山中さんはたくさんの曲を書き、世に出していない音楽も数多く存在している。the pillowsとソロアルバムを並行して制作していたときには「ちょくちょくレコーディングすればできた」と言うほど、基本的に休みを必要としていない。音楽が好きなのだ。

「海外ツアーとかも別に何となくの事だなっていう。いつもは新宿で飲んでいるところを、今日張り切って西麻布で飲んでいきましょうぐらいのことなんだよ(笑)。

うーん、自分を喜ばす新曲を作り続けて、そういうCDを完成させたいっていうのが大きいかな」

では曲はどのように作っているのだろうか?

「曲を作るときにはギターで作ってます。ギターでリズムを取ってメロディーをそのあとに歌詞を乗っけていくね。歌詞はあと。

メロディーとリズムがないのに言葉が出てくるということはないね。ただ人よりも、リズムやメロディーに対する歌詞のフィット感っていうのにこだわりがあると思う。

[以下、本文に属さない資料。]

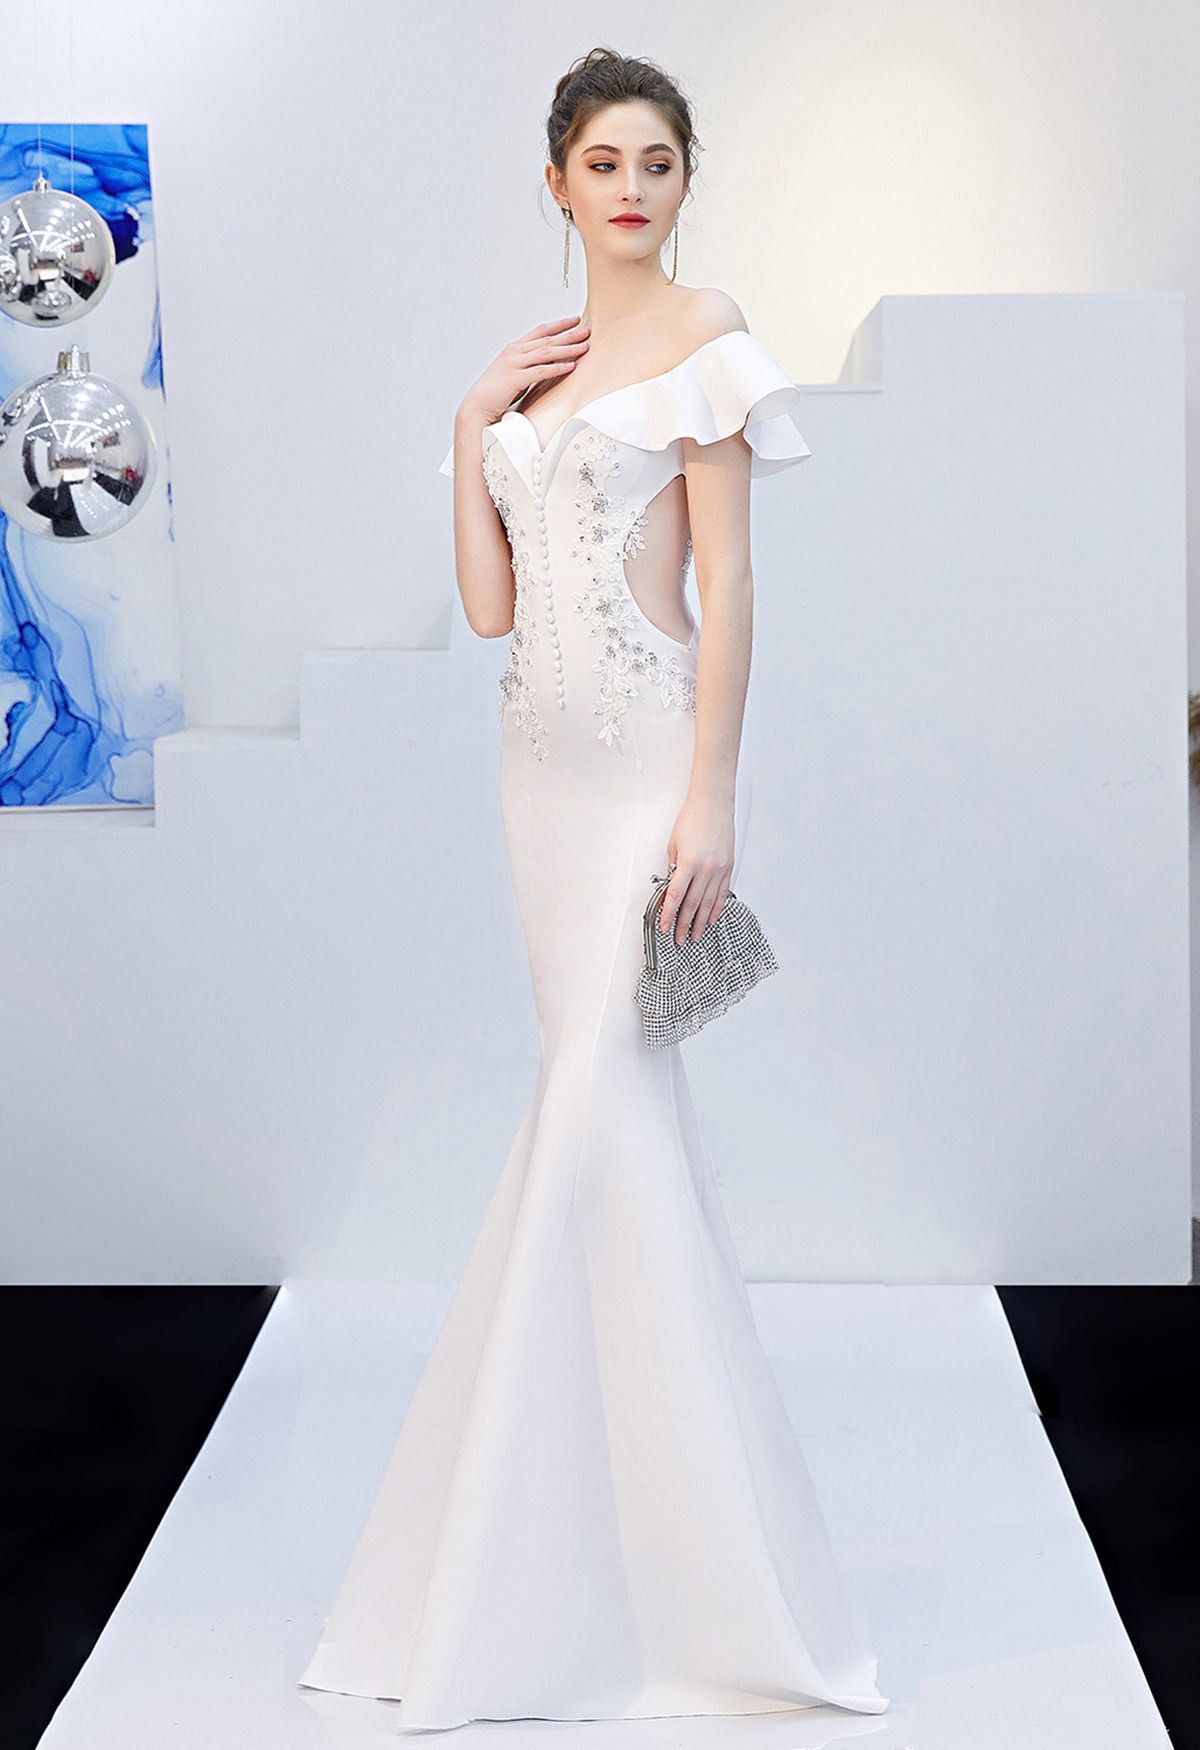 Gerüschtes Off-Shoulder-Stickerei-Meerjungfrauenkleid in Weiß

『ぼくらは』っていうメロディーなんだけど、そこに『ぼく』しか言わない時には耐えられない。なんでぴったりになる言葉にしなかったんだっていう。でもこれは山中さわおルールなので(笑)。

あとこれは出来れば避けたいんだけど…例えば、神様の神って『ミ』を下げて歌いたいじゃない。もし、『ミ』を上げて歌うと、どうしてもヘアーだとかペーパーのような気がしちゃうから。で、もしもそういう風にメロディーとフィットしないなら、その歌詞は諦めるね。でも世の中にはこういった曲がいっぱいあって、誰も気にしてないからヒットしてるんだろうな(笑)」

ただし意味にはあまりこだわらない。

「意味はね、ここぞという所が、1行2行すごい力を持ったところがあれば満足するかな。基本的に冗談みたいな部分が多いから。『高所恐怖症パイロット』とか、何かを表している訳じゃなくて口がすごく気持ちいいというか、ピッタリくる。

英語なんてゴッコだよね。英語なんてさっぱりわからない(笑)。欧米の音楽には憧れの人がいっぱいいるからさ、その好きなアーティストのような曲を作って、それも英語で歌ったほうが憧れに近づいたような気がするじゃない。

だからレコーディングして自分で歌うのも好きだし、そして出来たものを聞くのも好き。だけど作るのは大嫌いだね(笑)。

ここが合ってないとかで、いつも賢い人に突っ込まれるし。でもそこまでマジじゃねぇんだよな。もう冗談、ゴッコなんだから(笑)」

 

「そういえば…」と、言っておもむろに携帯を取り出す山中さん。歌詞は携帯で書いているらしい。